What is required =
Repeat exactly the line with "陕西省高可靠性供电费标准_00.jpg" and each line after it to the end of the data below; pictures stay out.

Data below =
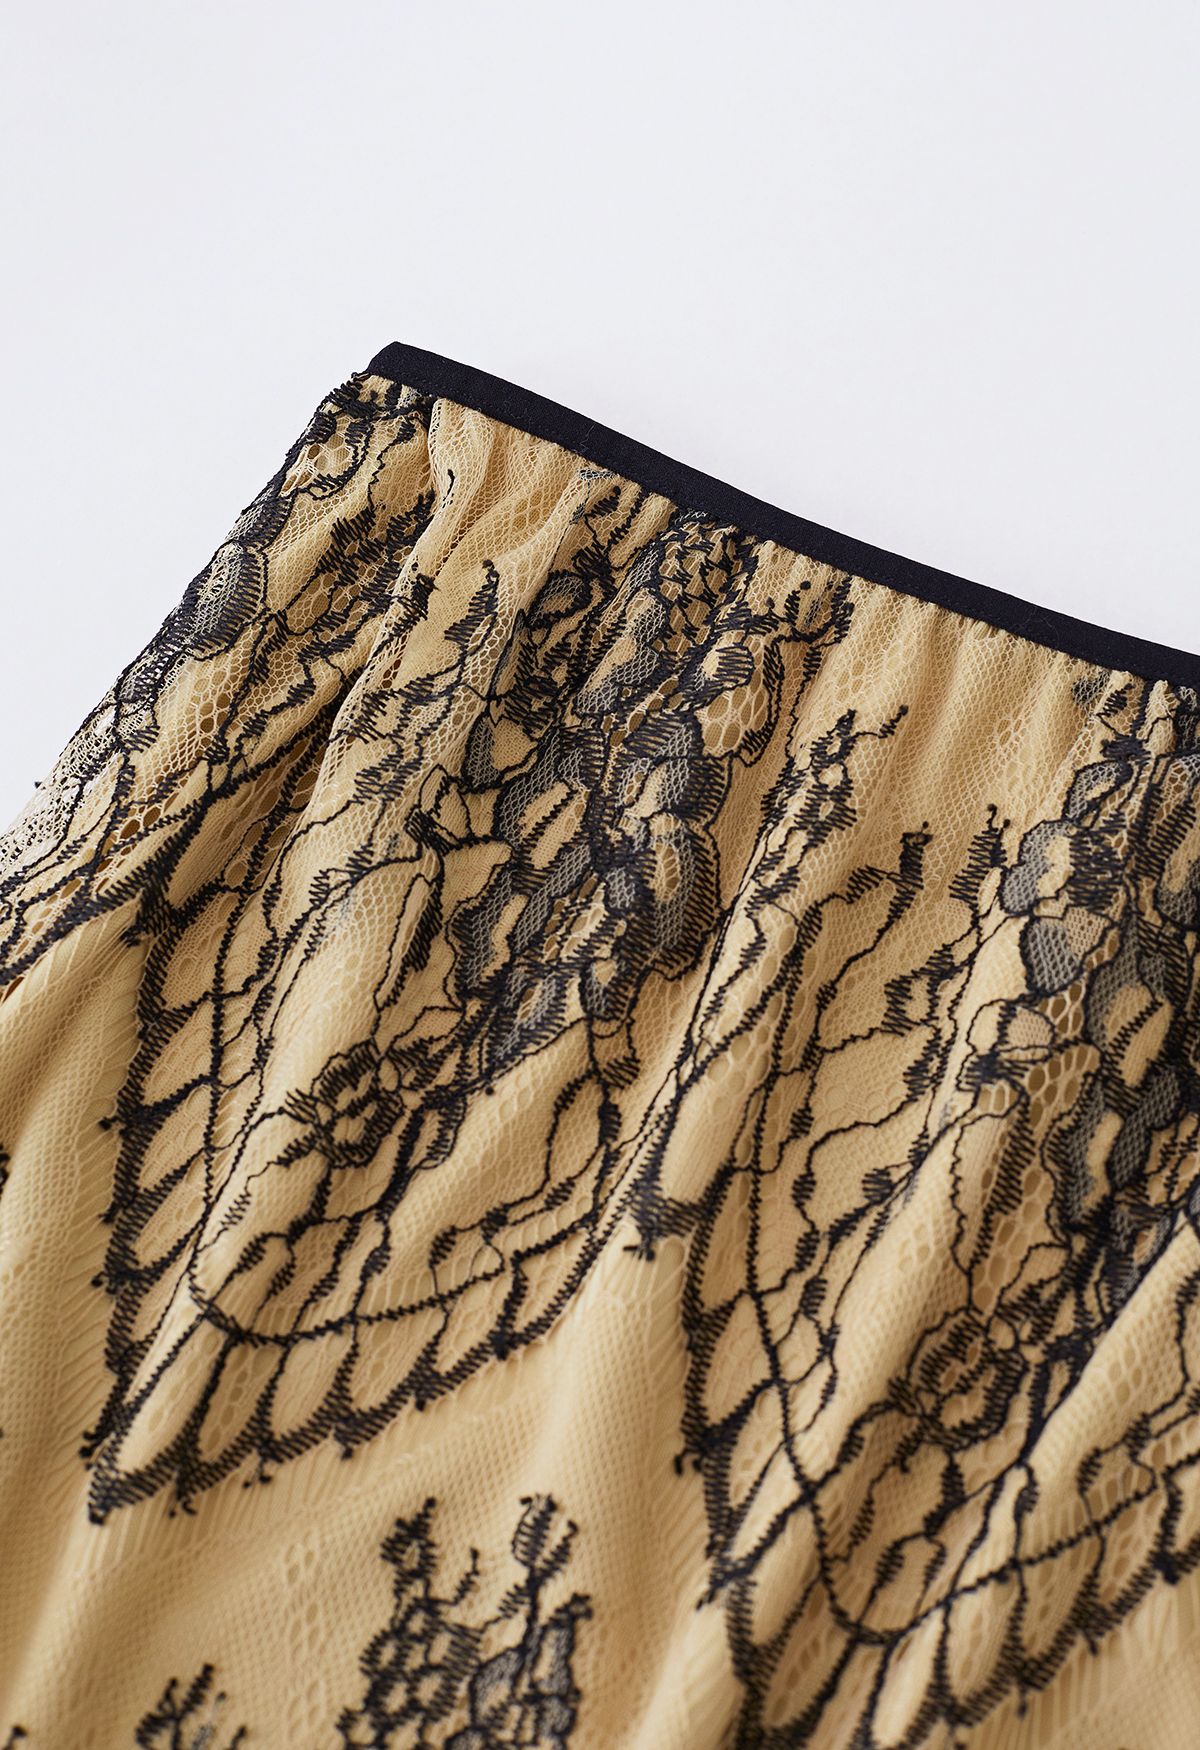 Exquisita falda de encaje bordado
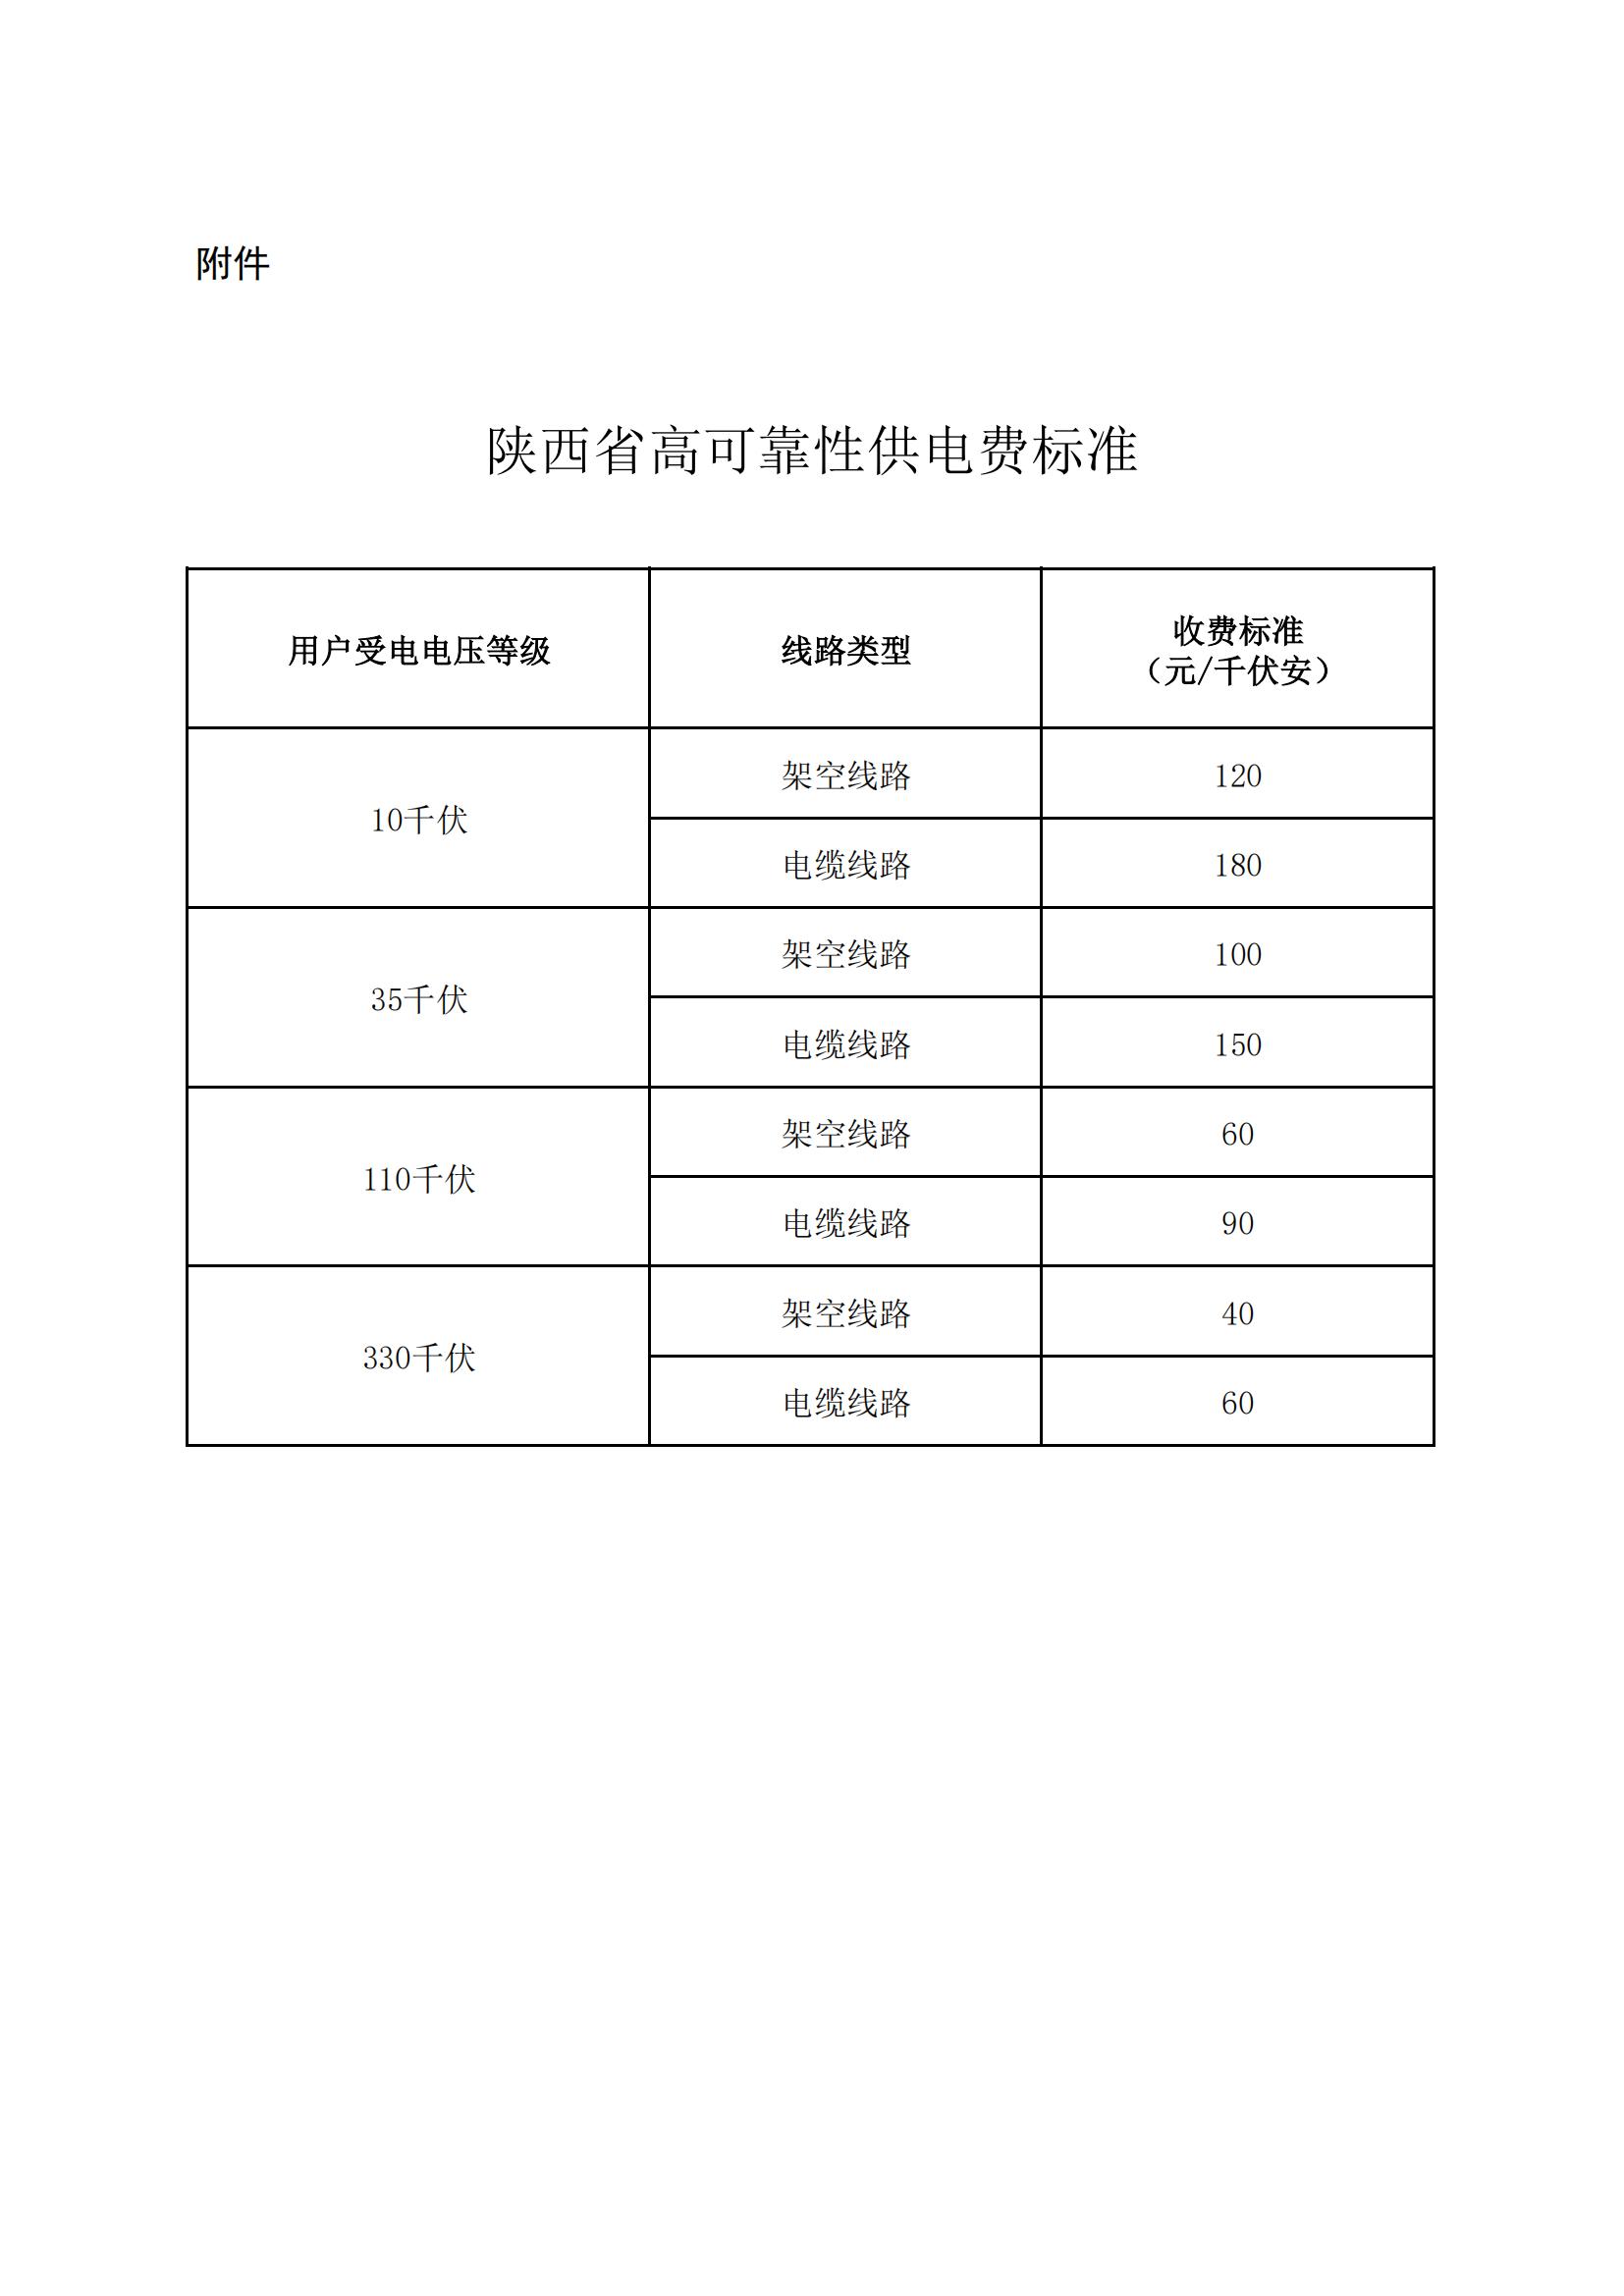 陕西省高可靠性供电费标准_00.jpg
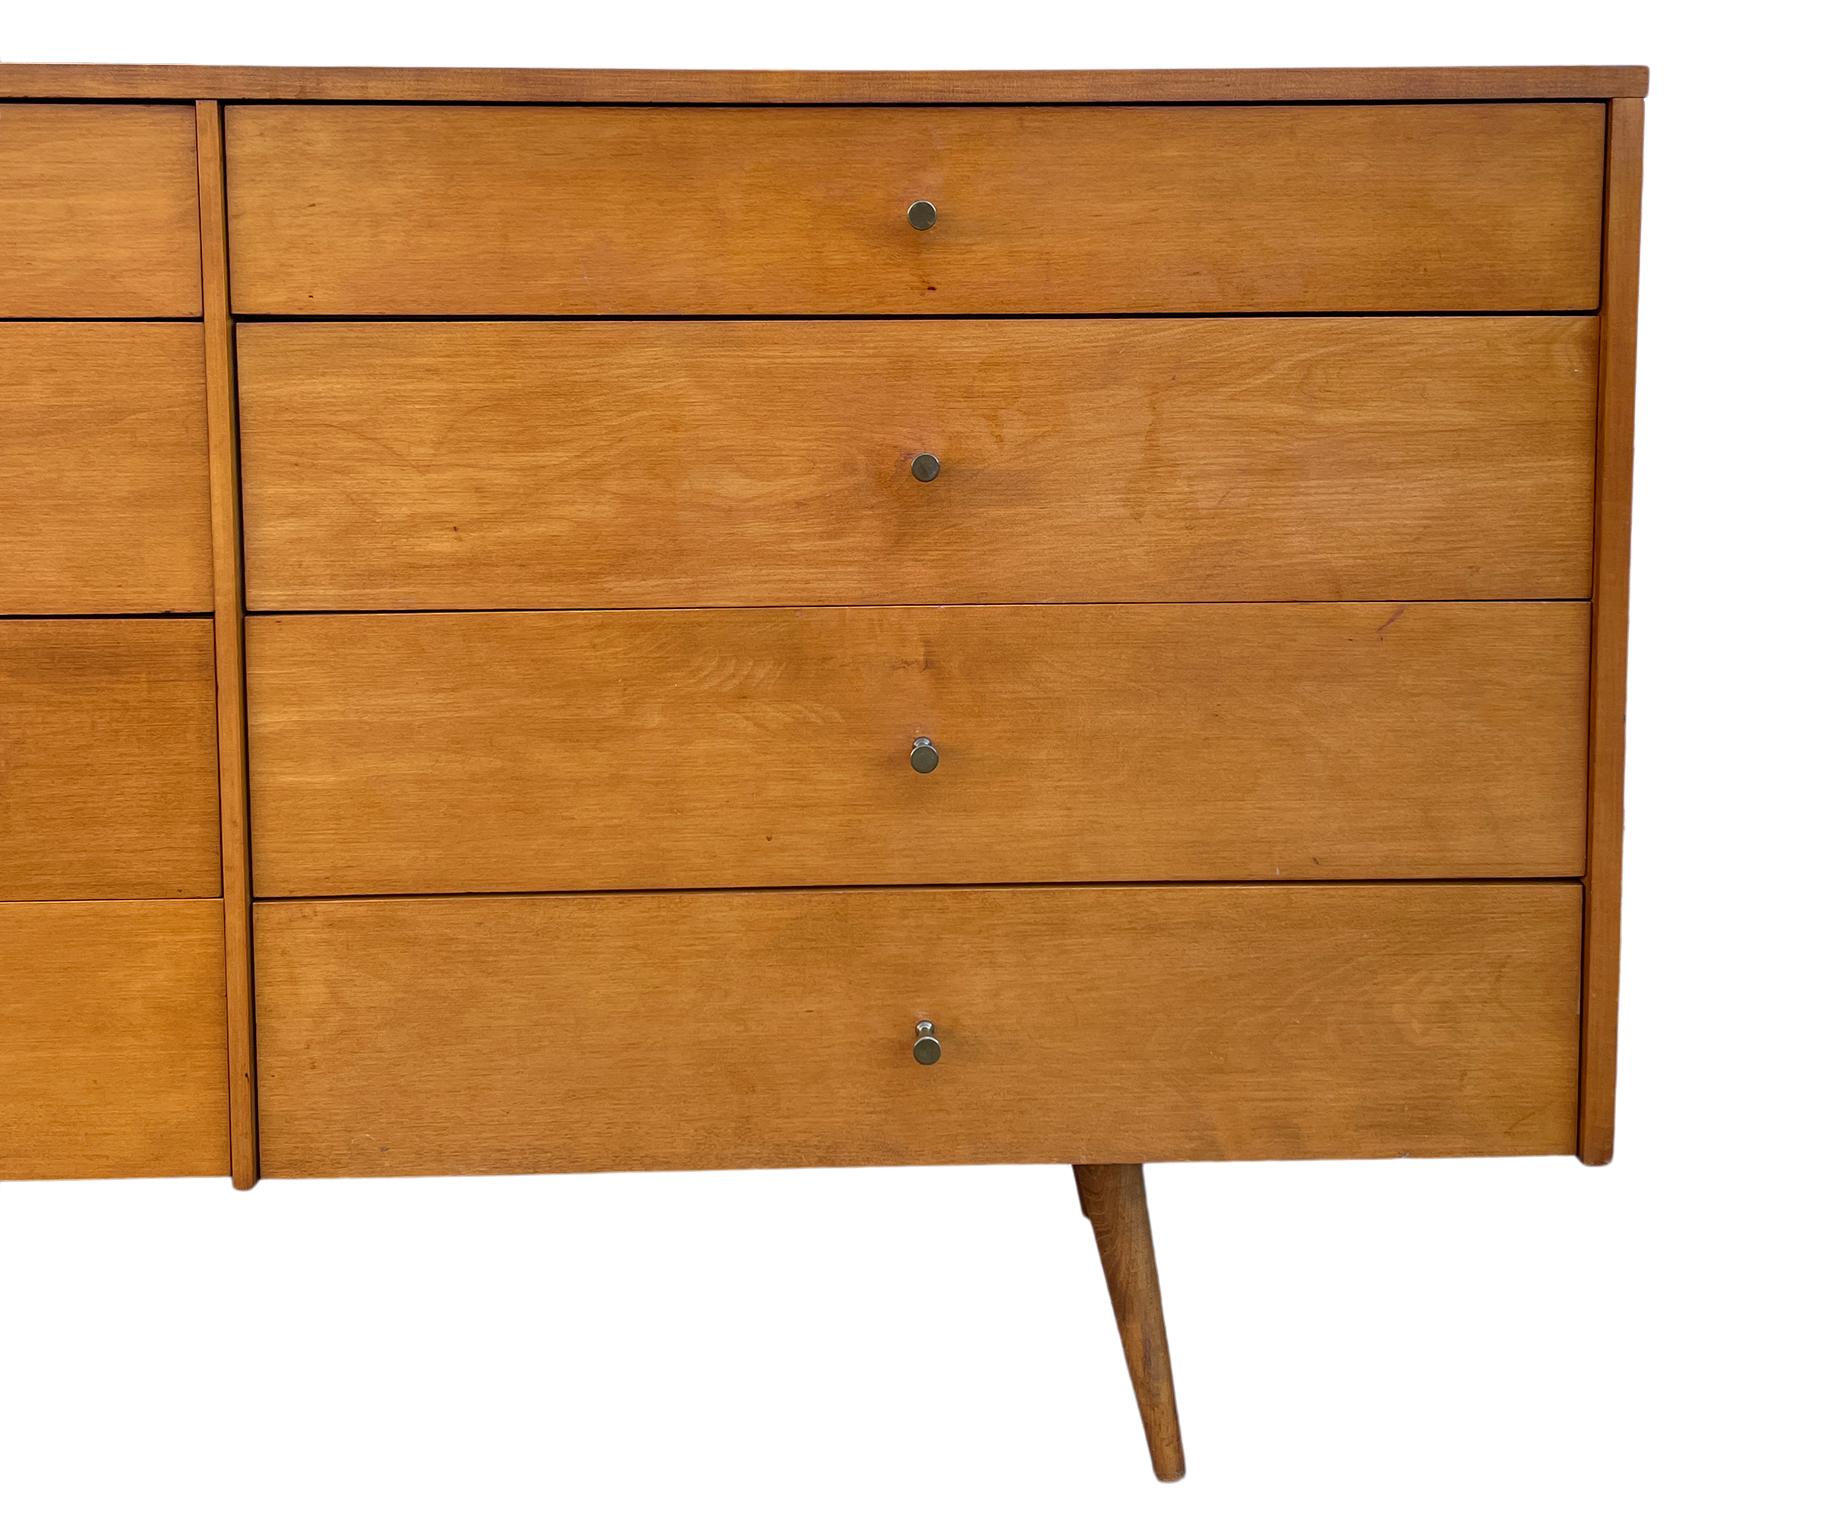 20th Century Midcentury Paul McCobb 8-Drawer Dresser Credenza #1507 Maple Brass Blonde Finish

Completed task =
 陕西省高可靠性供电费标准_00.jpg
 20th Century Midcentury Paul McCobb 8-Drawer Dresser Credenza #1507 Maple Brass Blonde Finish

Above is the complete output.